A fault with no voltage output means that the power supply does not respond after starting up. First, check the output fuse of the power supply rear panel to see if it is burnt out. If the fuse has been blown, replace it with a new fuse of the same type. Turn the power on again. If the fuse is burnt again, it indicates that there may be a short circuit in the output circuit. At this time, the output switch of the output circuit should be checked. If the indicator light is normally lit after the power is turned on, adjust the voltage adjustment knob. If there is no response in the voltage indication and there is no voltage output, the position of the switch should be checked. The fault may be because the power supply is in the remote-control state. After the state of the power supply is adjusted to the local state, the power supply can restore the normal output state. If the potentiometer of the power output has been adjusted to the minimum, and the voltage preset is normal, and there is no voltage output in practice, the potentiometer of the current output should be adjusted appropriately to restore the normal working state of the power supply. Finally, check the output terminals JX1 and JX2 of the power supply to see if there is a short circuit. If there is a short circuit, the power supply will have no output. Check the output circuit of the power supply. When there is a diode short circuit in CR21-CR24, there is no voltage output from the power supply; replace the damaged diode in time.

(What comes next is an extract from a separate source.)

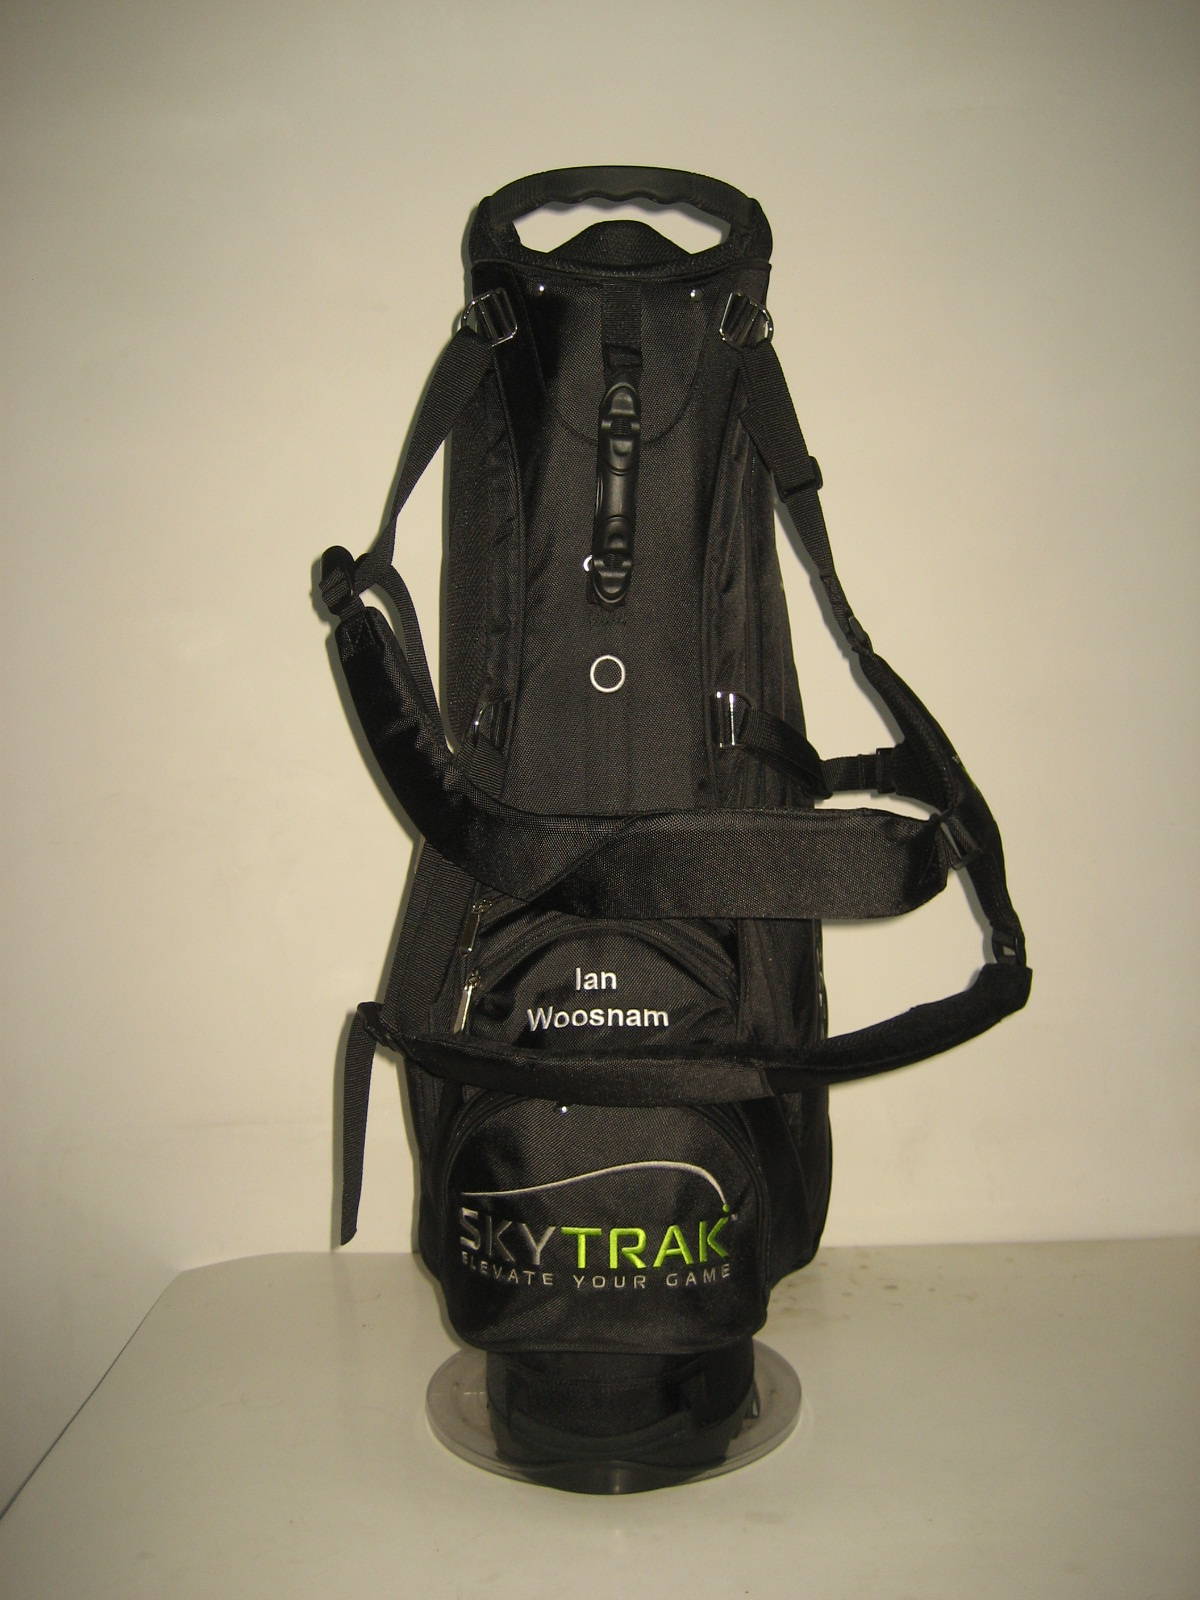 Customised football club golf bags by Golf Custom Bags 209

2. Unstable Working Voltage 

For the unstable operating voltage of the DC stabilized power supply, if the indicator of the power supply is lit, the reading of the voltmeter is also normal, but the output voltage is unstable, and the working state of the auxiliary power supply voltage regulator should be checked. Check the voltage output and compare the operational status of the op amp and the current output to the op amp. Secondly, check the voltage output potentiometer to see if it works normally. After disconnecting the potentiometer circuit, check the resistance with a multimeter, and turn the potentiometer knob in turn, then the resistance value displayed by the multimeter should also be It is evenly changed, so that it can be judged whether the potentiometer is normal. When the output voltage needs to be adjusted, if the switching of the relay is abnormal, causing the output voltage to flash, the relay should be replaced and a new relay of the same type should be used.

3. The Output is Full of Deviation

The indicator of the power supply is normally lit, and its output is fully offset and cannot be adjusted. Use a multimeter to check the voltage of the output terminals JX1 and JX2. If the result shows that it is about 52V, you can preliminarily judge that the fault is open at the output end, analyze the output circuit, and adjust the tubes Q8 to Q13 to be parallel circuits. If more than one way When the adjustment tube is short-circuited, the entire control circuit will be ineffective, the output end will be open, and the output will be full-biased output, which cannot be adjusted. Use a multimeter to check the short circuit between the collector and emitter of the parallel regulator. If a short circuit occurs, it indicates that the regulator is damaged in the parallel circuit. At this point, each adjustment tube should be inspected, and the damaged adjustment tube should be replaced with a new adjustment tube of the same type.